Where Walks the Cyber Bear!
Buck Rogers #1
I wasn’t actually planning on picking this one up, but I flipped through it and found one specific thing that guaranteed I’d be bringing it home.
This is essentially a new, rebooted origin for Buck Rogers, the swashbuckling sci-fi pulp hero who got his start back in the late ’20s. Much of the story is fairly familiar — hot-headed pilot Buck Rogers is accidentally put into suspended animation aboard his experimental spaceship and wakes up several hundred years in the future. Not knowing where (or when) he is, he crashlands his ship in a convenient stretch of forest and is rescued by Colonel Wilma Deering. Unfortunately, they’re both stuck in a hunting zone used by an organization called the Pack, and they both get attacked by one of the Pack hunters…
Let that soak in — a cybernetically enhanced grizzly bear with a raygun.
Yes, welcome to your shiny, futuristic new home in Awesometown.
Verdict: Thumbs up. Yes, yes, the cyber-bear is fun, but as for the rest of the story… I’m cautiously optimistic. So far, the writing is solid and the art is solid.
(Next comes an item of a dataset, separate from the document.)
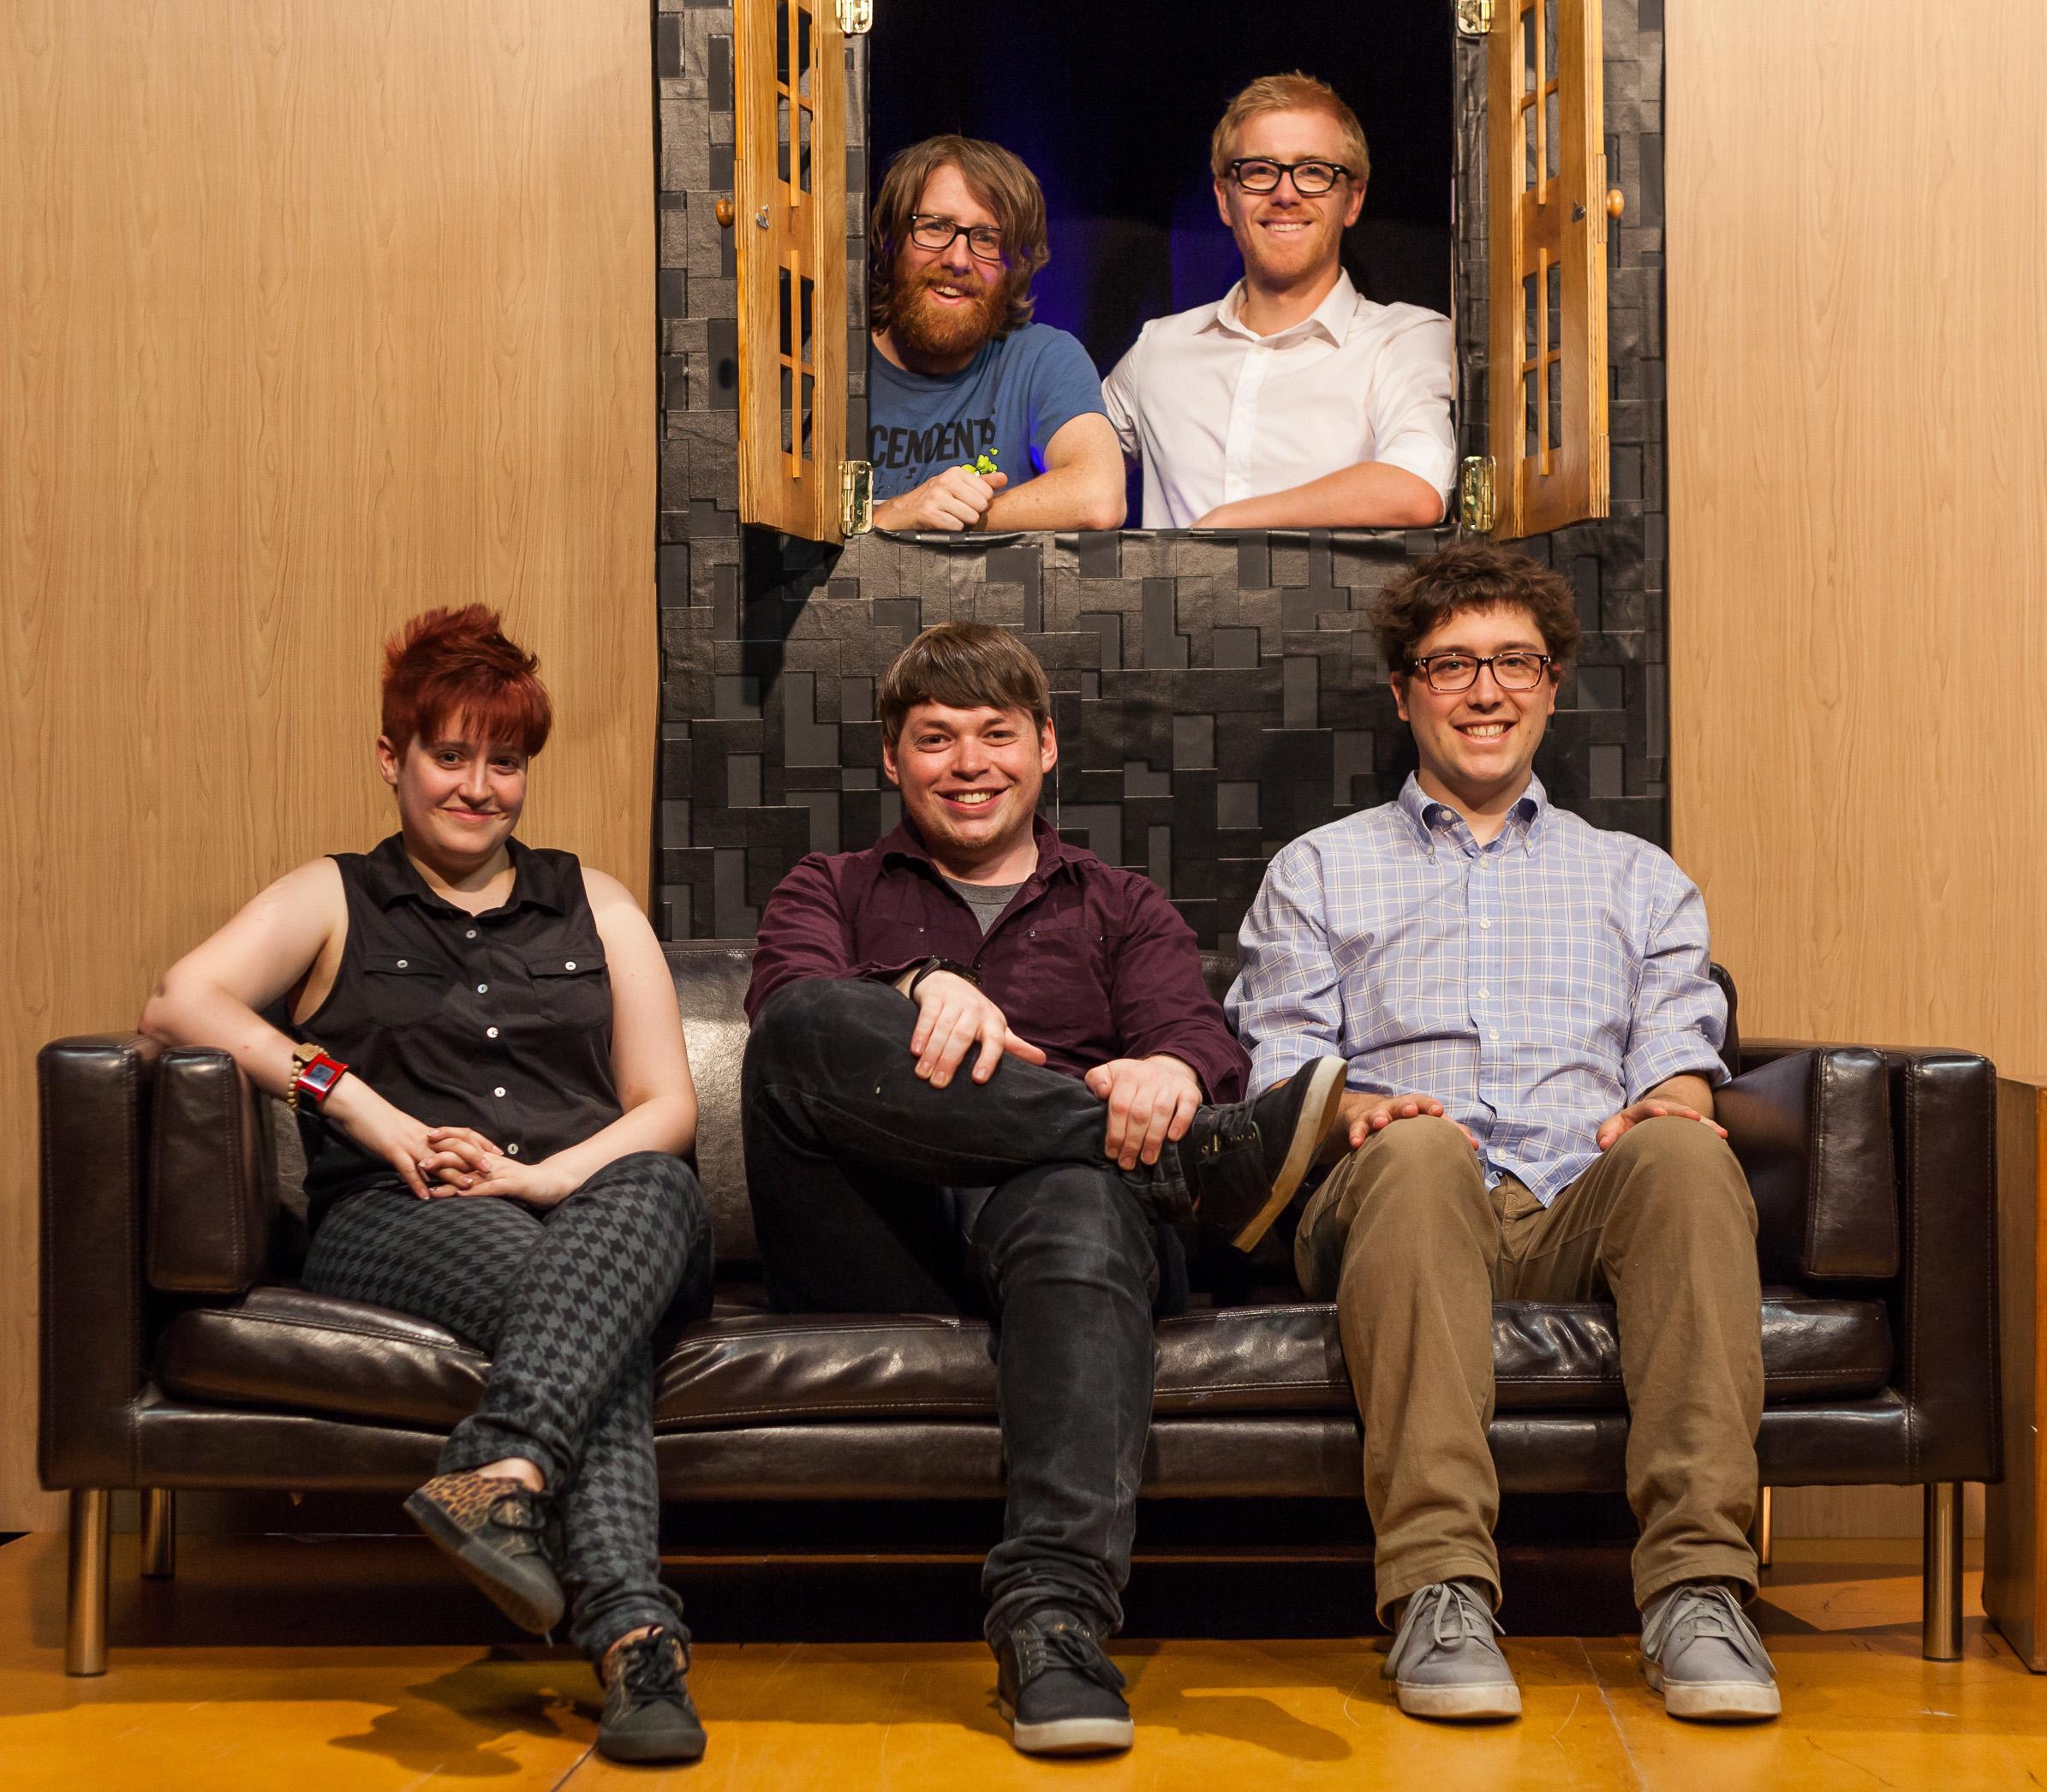 Matt Stewart, Andy Matthews, Bec Petraitis, Evan Munro-Smith & Alasdair Tremblay-Birchall (Left to right, top to bottom)

Can they keep this going, with or without awesome cyber-bears? Let’s hope so.
Secret Six #10
The Six get hired by someone claiming to be their old benefactor, Mockingbird, to escort a large and dangerous-looking box to a jungle compound. It quickly becomes clear (to the readers, particularly, if not the team itself) that the folks who just hired them are particularly cruel slavers, willing to execute any number of their workers just to punish a single rebellious slave. Of course, the Six aren’t really very nice people — they’re doing the job so they can get paid, not because they want to work with fine, upstanding citizens. But do the slavers have some unpleasant plans for the Six themselves? On top of that, Scandal Savage and Bane continue to grow closer, and the extremely weird romance between Deadshot and Jeanette keeps getting weirder.
Verdict: Thumbs up. Our main villains’ ruthlessness is demonstrated very brutally in the first four pages of the comic, and again, more unexpectedly, in the last two. These are definitely rotten customers, and I’ve got my fingers crossed that a few of them get entertainingly killed before the end of the storyarc. Also, excellent dialogue and characterization for Bane, Scandal, Deadshot, and Jeanette.